Тут бормотанье, тут клекот, тут доктор, курносый, как сама смерть, тут страж в балахоне, курящий серной курильней, тут шлепанье туфель. Тут ни война, ни мир, ни болезнь, ни здоровье. Тут карантин.

Тут Александр Сергеевич разбил на три дня палатку.

Александр Сергеевич приказывает Сашке разгрузить все, что осталось, — вино и припасы.

Начинается карантинный пир.

Александр Сергеевич все похаживает по палатке, все усаживает людей за голый стол. Люди пьют и едят, пьют здоровье Александра Сергеевича.

Только чумной ветер мог свести их, только Александр Сергеевич мог усадить их рядом.

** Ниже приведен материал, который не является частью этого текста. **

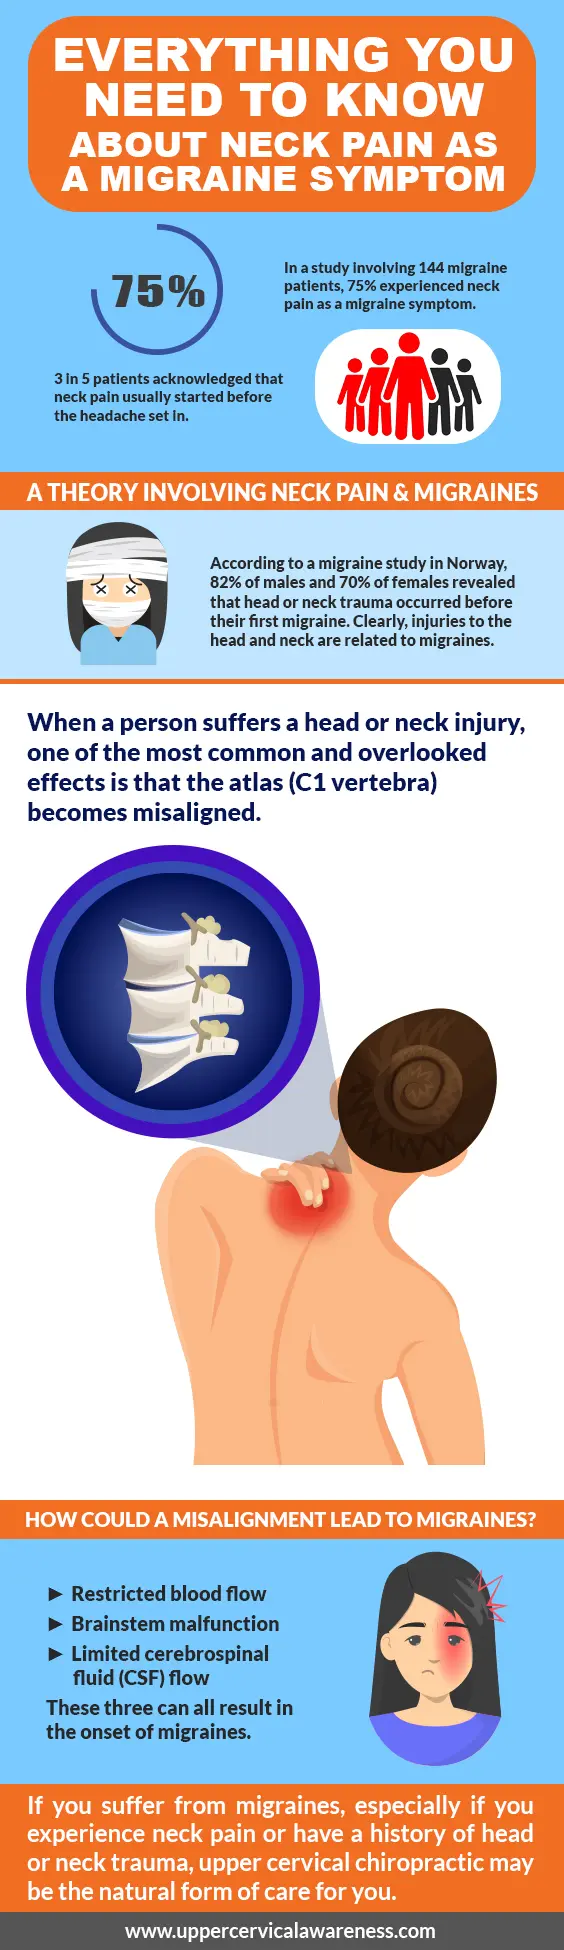 Everything You Need to Know About Neck Pain as a Migraine

Полковника Эспехо, дравшегося за испанского Фердинанда, он усадил рядом с унтер-офицером Квартано, который, будучи полковником русской службы, дрался против Фердинанда и был за то, по возвращении в Россию, разжалован.

Семидесятилетнего рядового, графа Карвицкого он усадил рядом с корнетом Абрамовичем.

«Фазана» Бутурлина, штаб-ротмистра, — рядом с доктором Мартиненго. Мальцова — с доктором Аделунгом.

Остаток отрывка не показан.